*** PROVIDED DATA ***
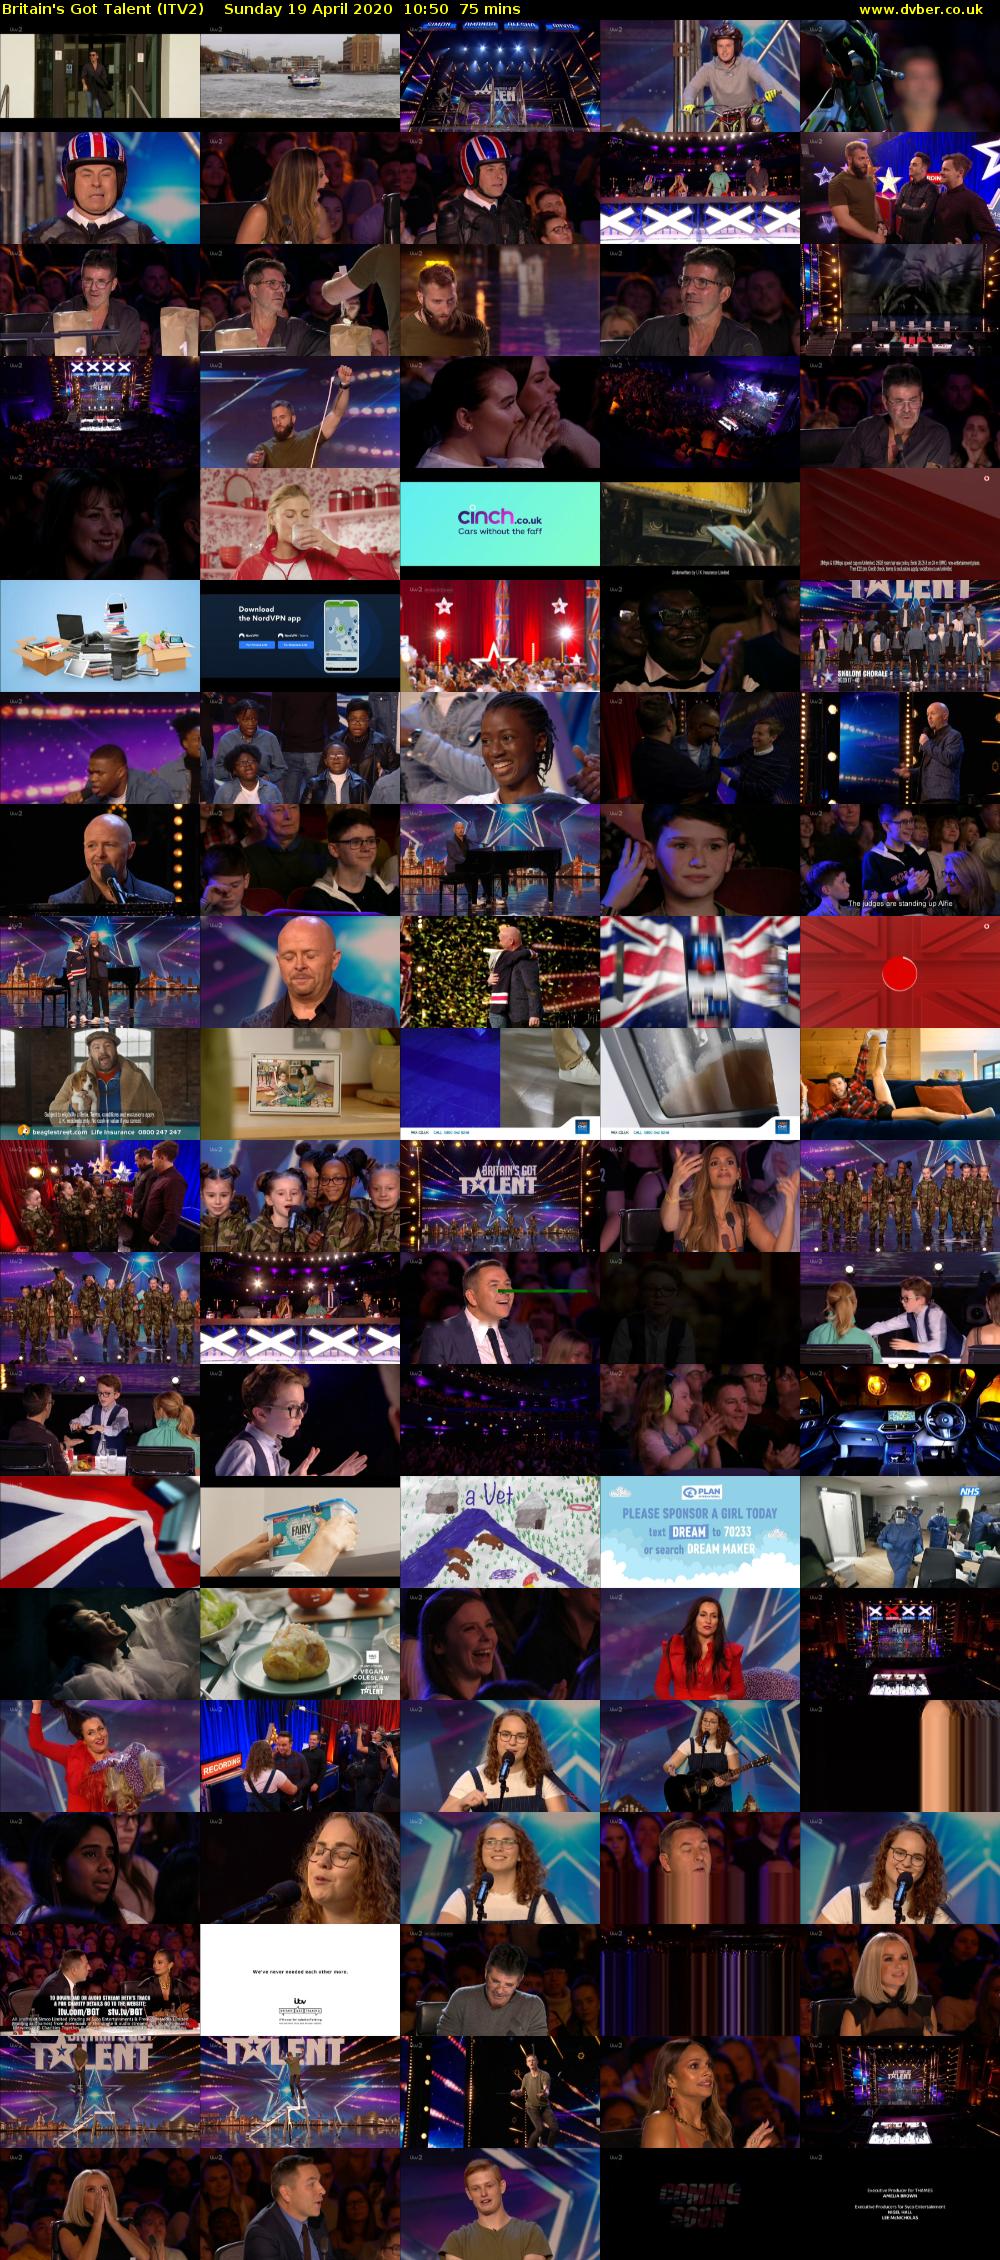 Britain's Got Talent (ITV2) Sunday 19 April 2020 10:50 - 12:05
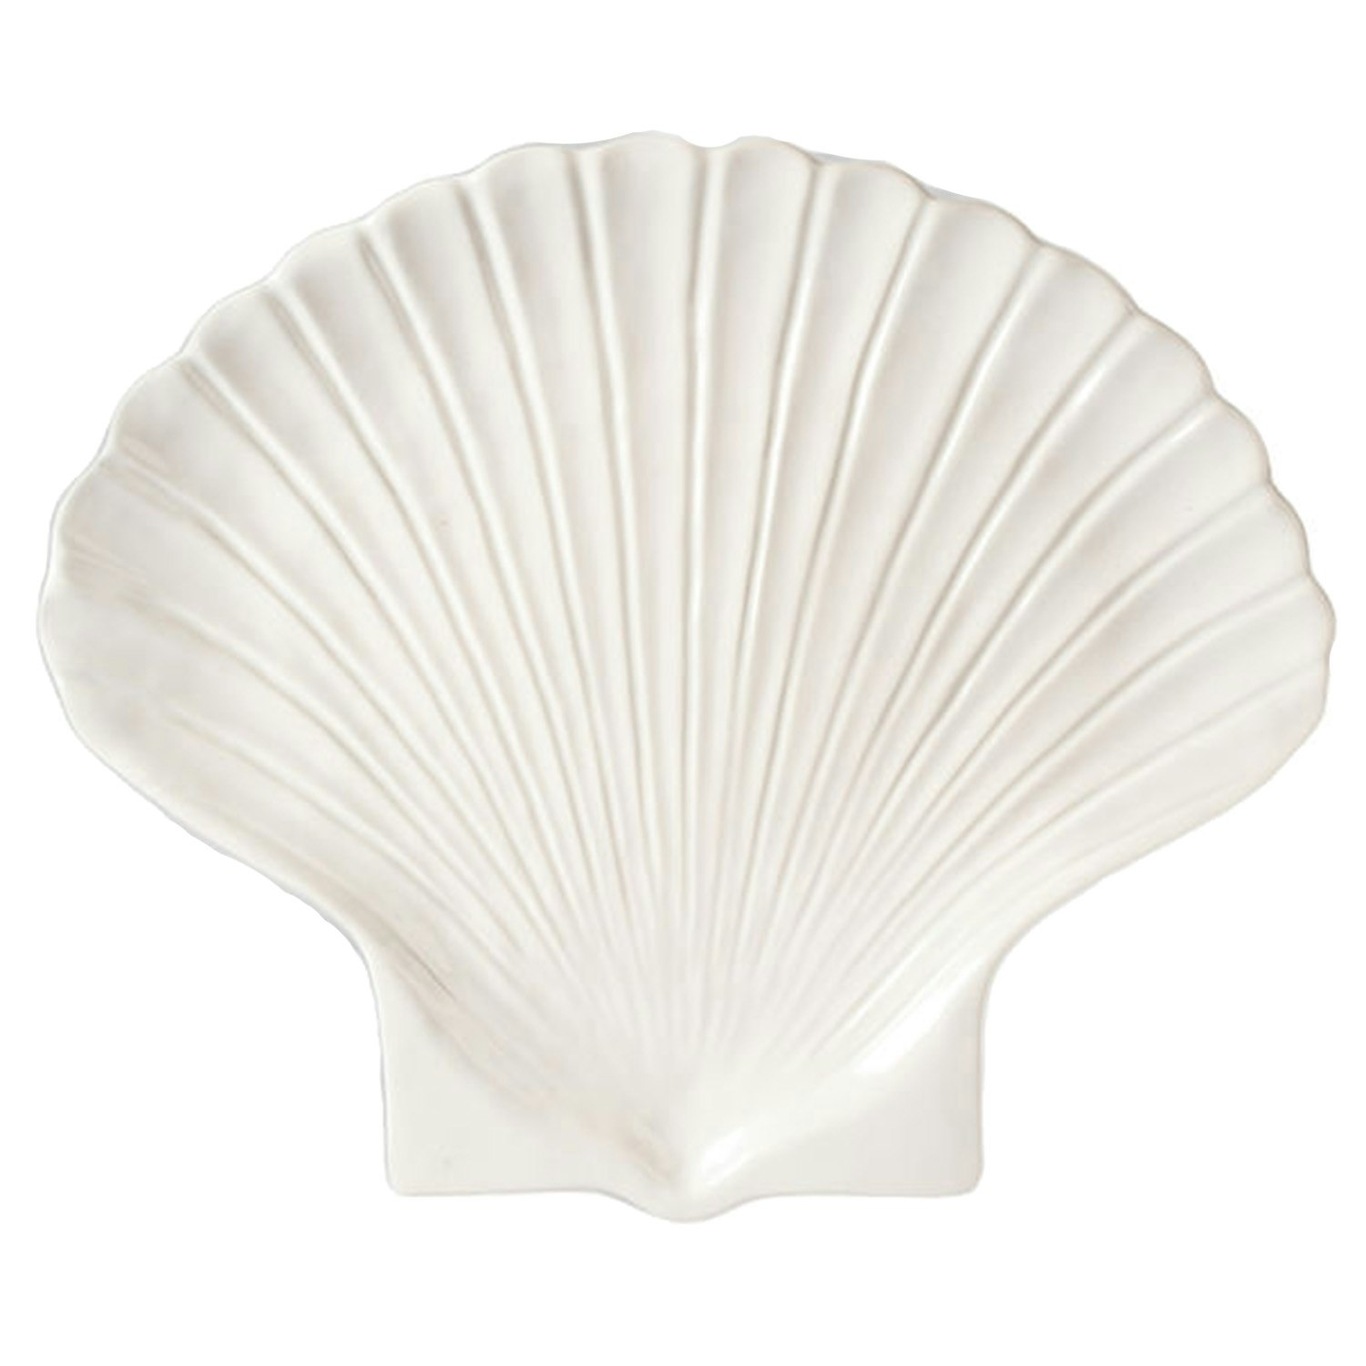 Shell Plate XL, White
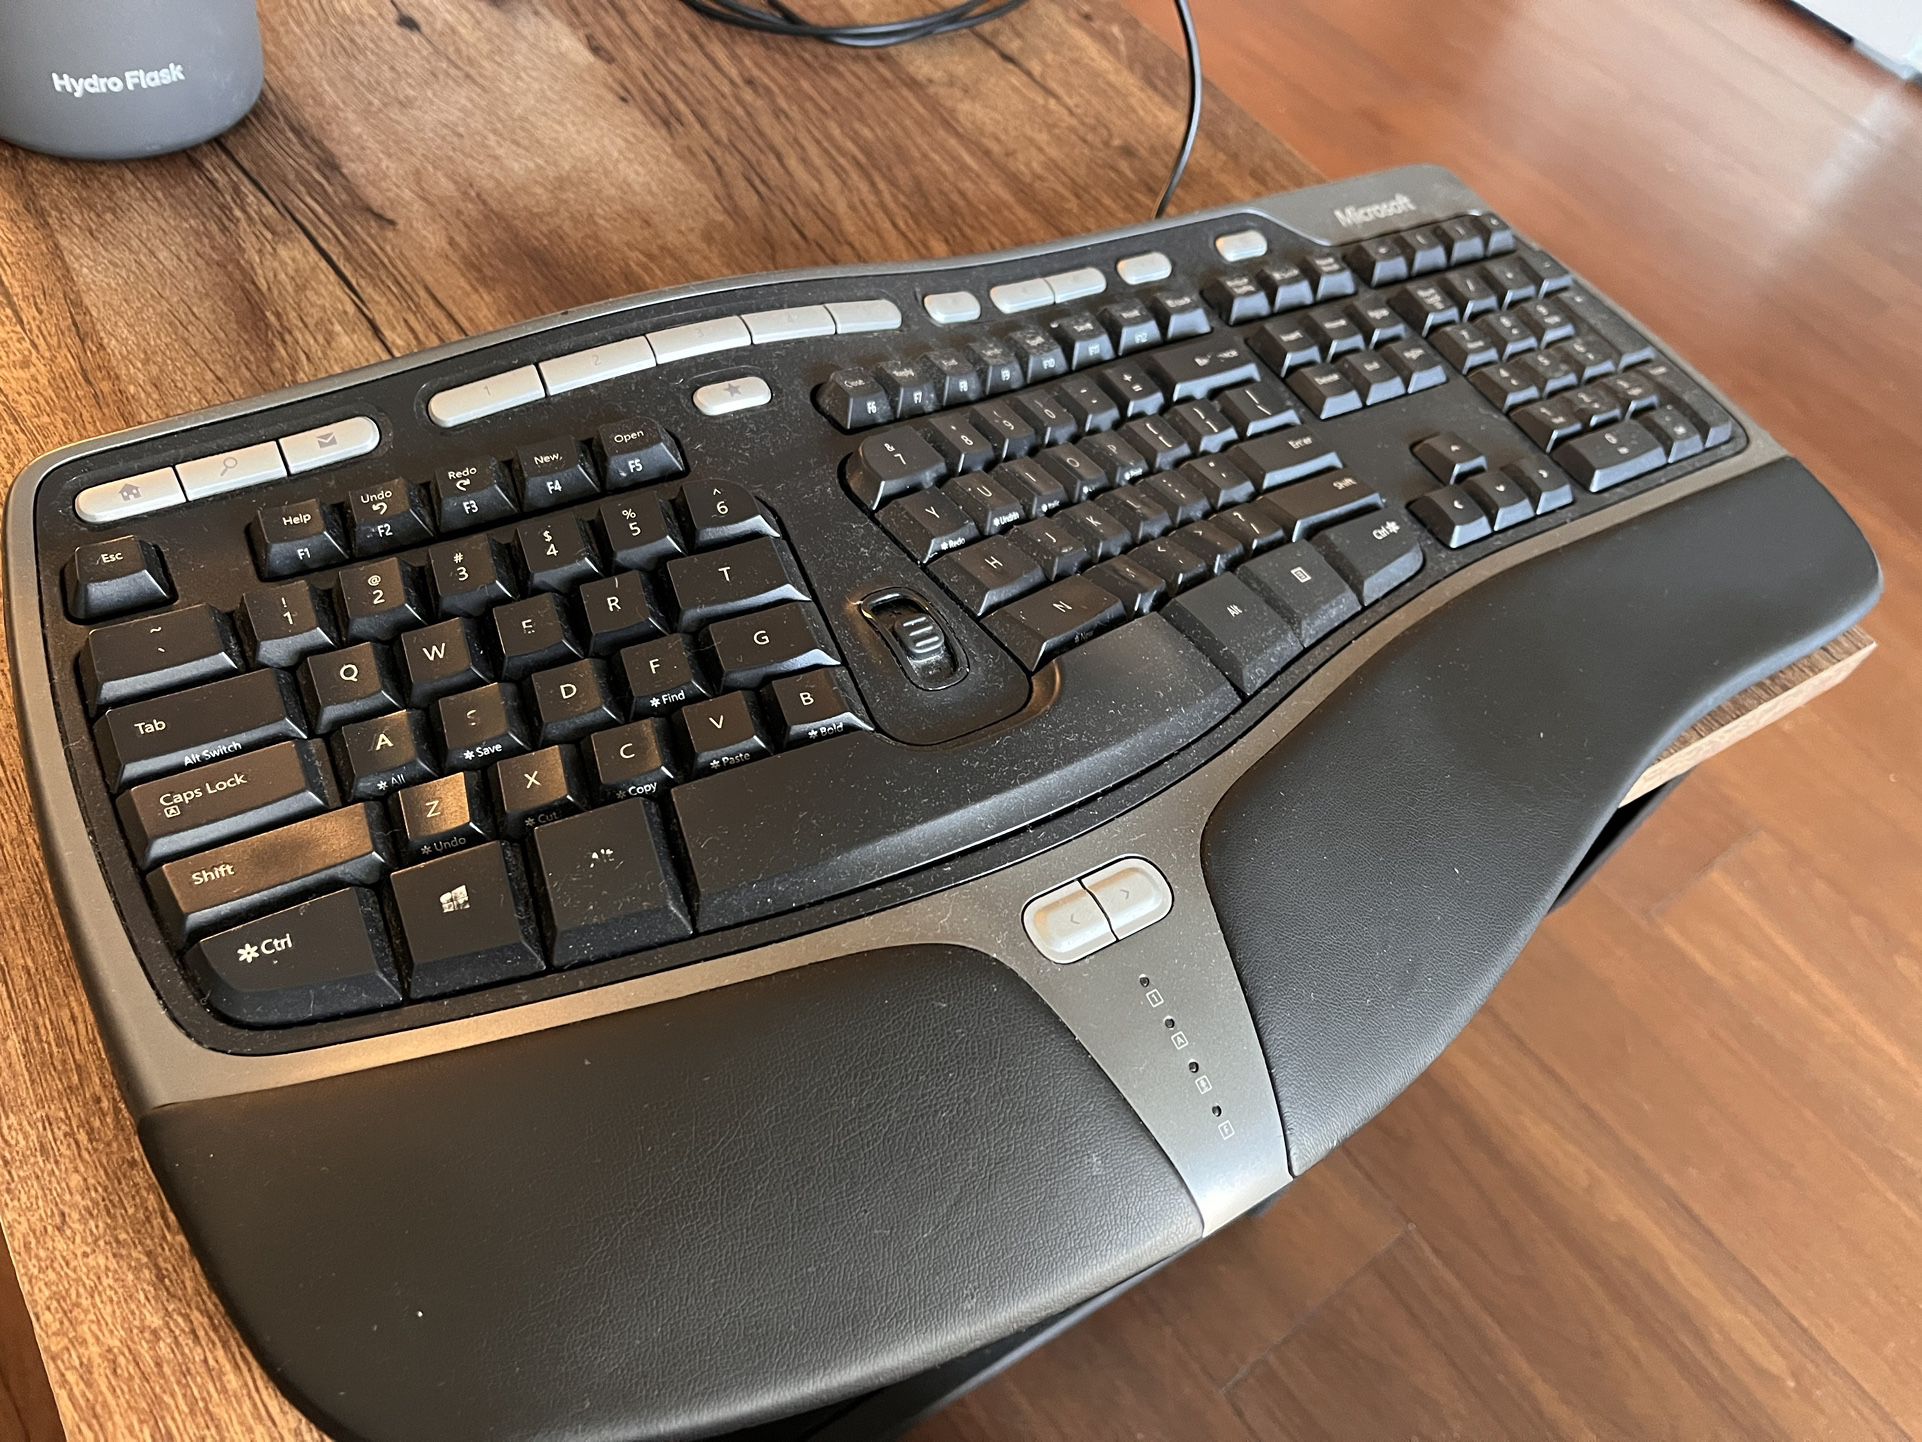 Microsoft Ergonomic 4000 Keyboard
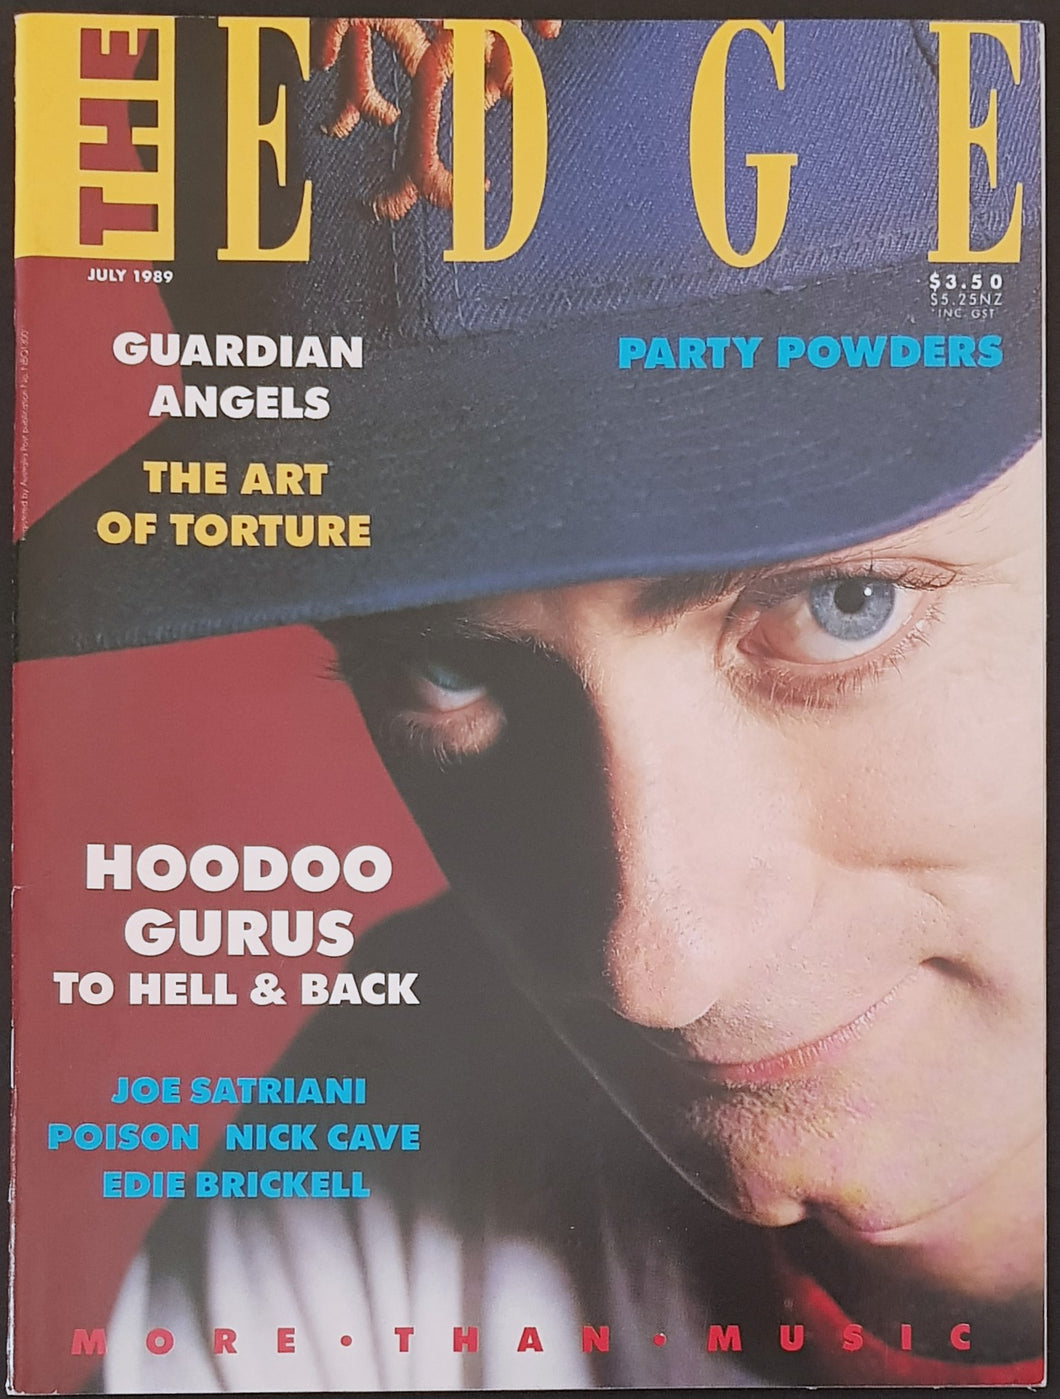 Hoodoo Gurus - The Edge July 1989
*** End of PROVIDED DATA ***
Which lines run from the one containing "Shell Plate XL, White" to the end of the data above? Set down those lines exactly, and only those, without any pictures.

■ WRITTEN SOLUTION:
 Shell Plate XL, White
 Microsoft Ergonomic 4000 Keyboard
 Hoodoo Gurus - The Edge July 1989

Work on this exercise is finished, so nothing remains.